3. Si la société requérante soutient, sans apporter d'éléments circonstanciés à l'appui de ce moyen, que les conseillers municipaux n'auraient pas été convoqués à la séance du conseil du 20 janvier 2020, il ressort des mentions de la délibération attaquée, qui font foi jusqu'à preuve du contraire que la convocation à cette séance a été adressée le 14 janvier 2020.
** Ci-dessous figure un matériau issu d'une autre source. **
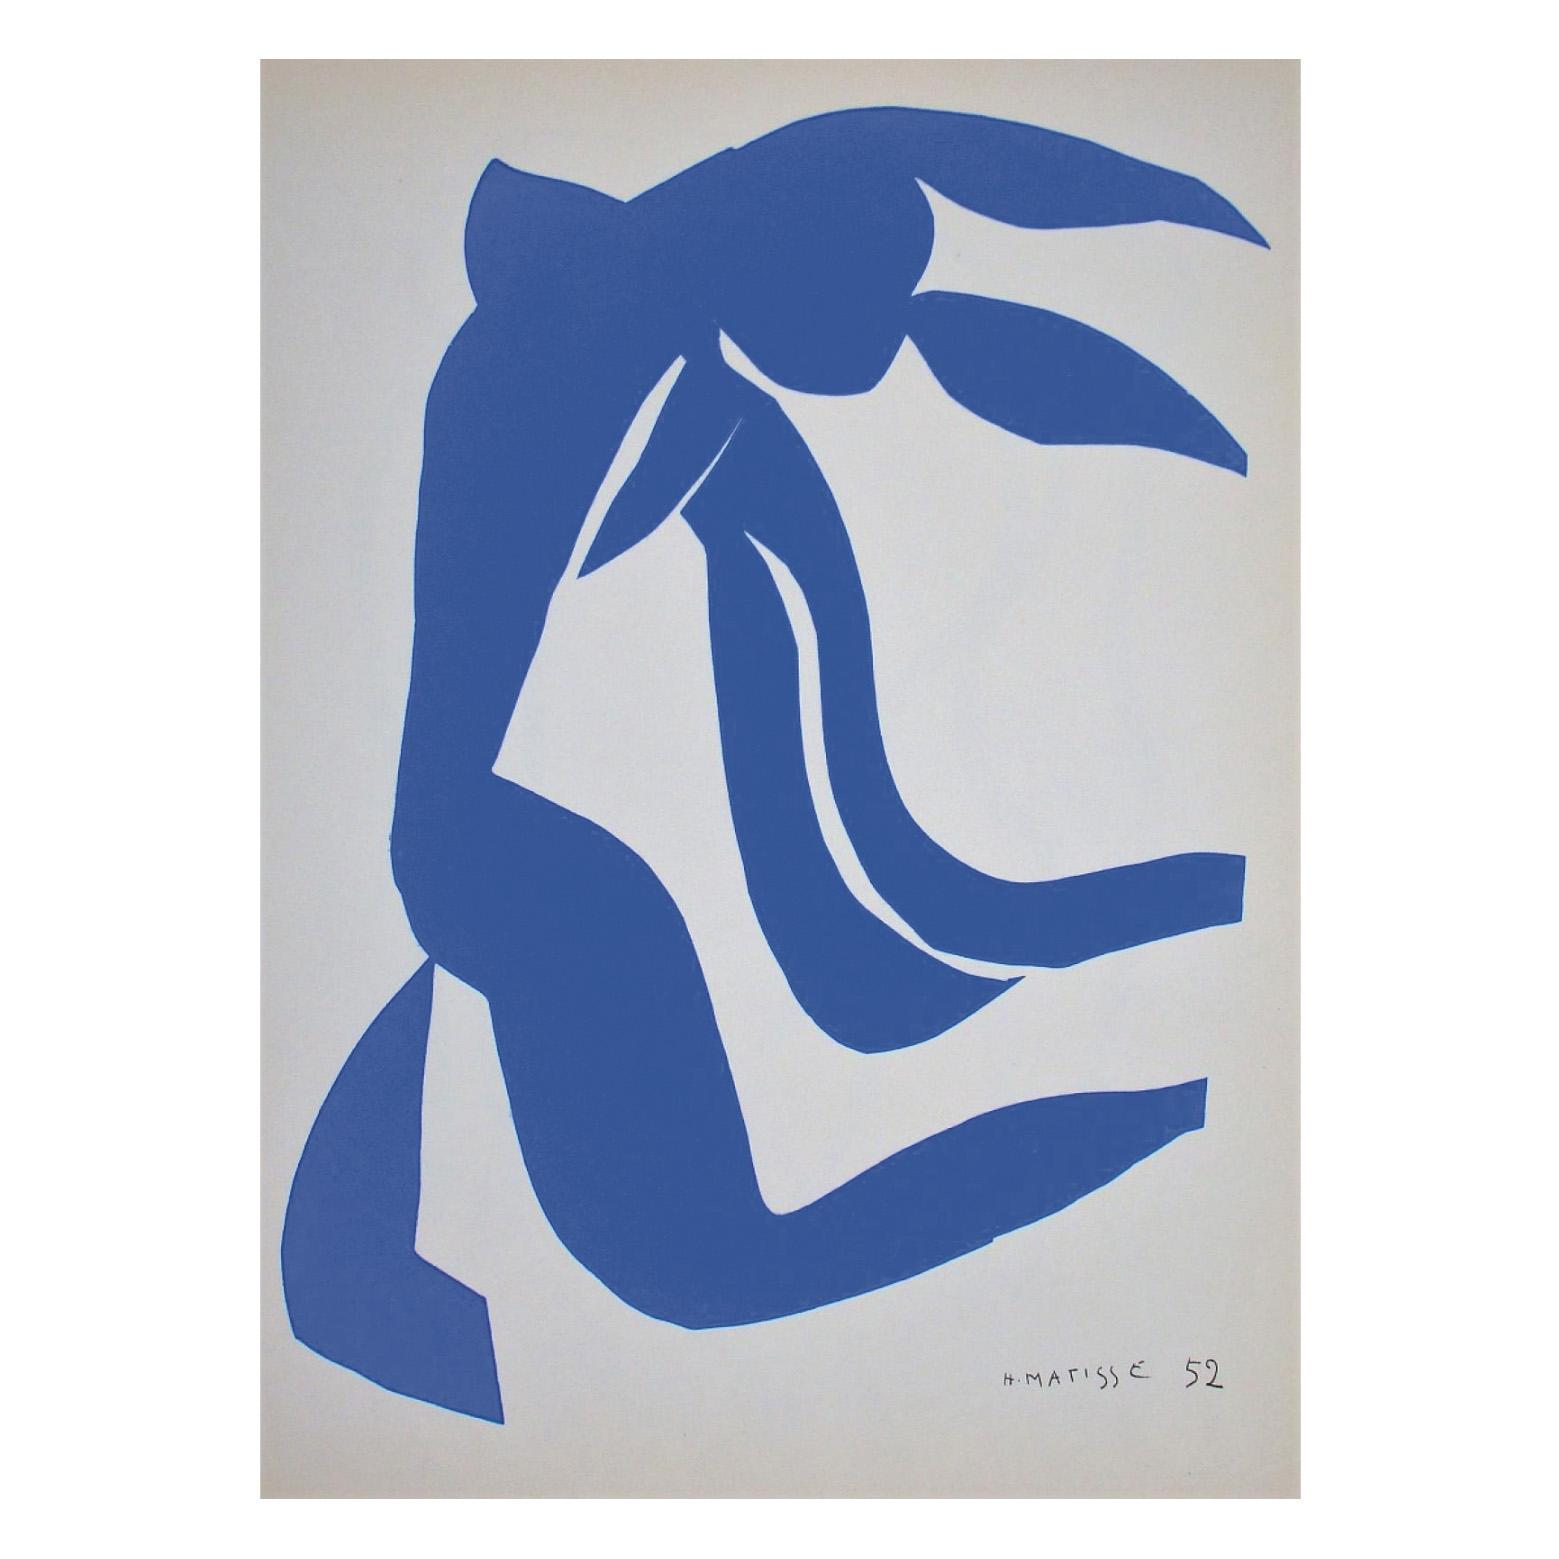 662€ Henri Matisse(1869-1954), LaChevelure, lithographie sur vélin signée, atelier Art-Litho imprimeur et Artvalue éditeur, 200ex., 76

S'agissant de l'information des conseillers municipaux :

4. Aux termes de l'article L. 2121-13 du code général des collectivités territoriales, applicable en l'espèce en vertu de l'article L. 5211-1 du même code : " Tout membre du conseil municipal a le droit, dans le cadre de sa fonction, d'être informé des affaires de la commune qui font l'objet d'une délibération ". Par ailleurs, aux termes de l'article L. 2121-12 du code général des collectivités territoriales : " Dans les communes de 3 500 habitants et plus, une note explicative de synthèse sur les affaires soumises à délibération doit être adressée avec la convocation aux membres du conseil municipal ". Le défaut d'envoi, avec la convocation aux réunions du conseil municipal d'une commune de 3 500 habitants et plus, de la note explicative de synthèse portant sur chacun des points de l'ordre du jour prévue à cet article entache d'irrégularité les délibérations prises, à moins que le maire n'ait fait parvenir aux membres du conseil municipal, en même temps que la convocation, les documents leur permettant de disposer d'une information adéquate pour exercer utilement leur mandat. Cette obligation, qui doit être adaptée à la nature et à l'importance des affaires, doit permettre aux intéressés d'appréhender le contexte ainsi que de comprendre les motifs de fait et de droit des mesures envisagées et de mesurer les implications de leurs décisions. Elle n'impose pas de joindre à la convocation adressée aux intéressés une justification détaillée du bien-fondé des propositions qui leur sont soumises.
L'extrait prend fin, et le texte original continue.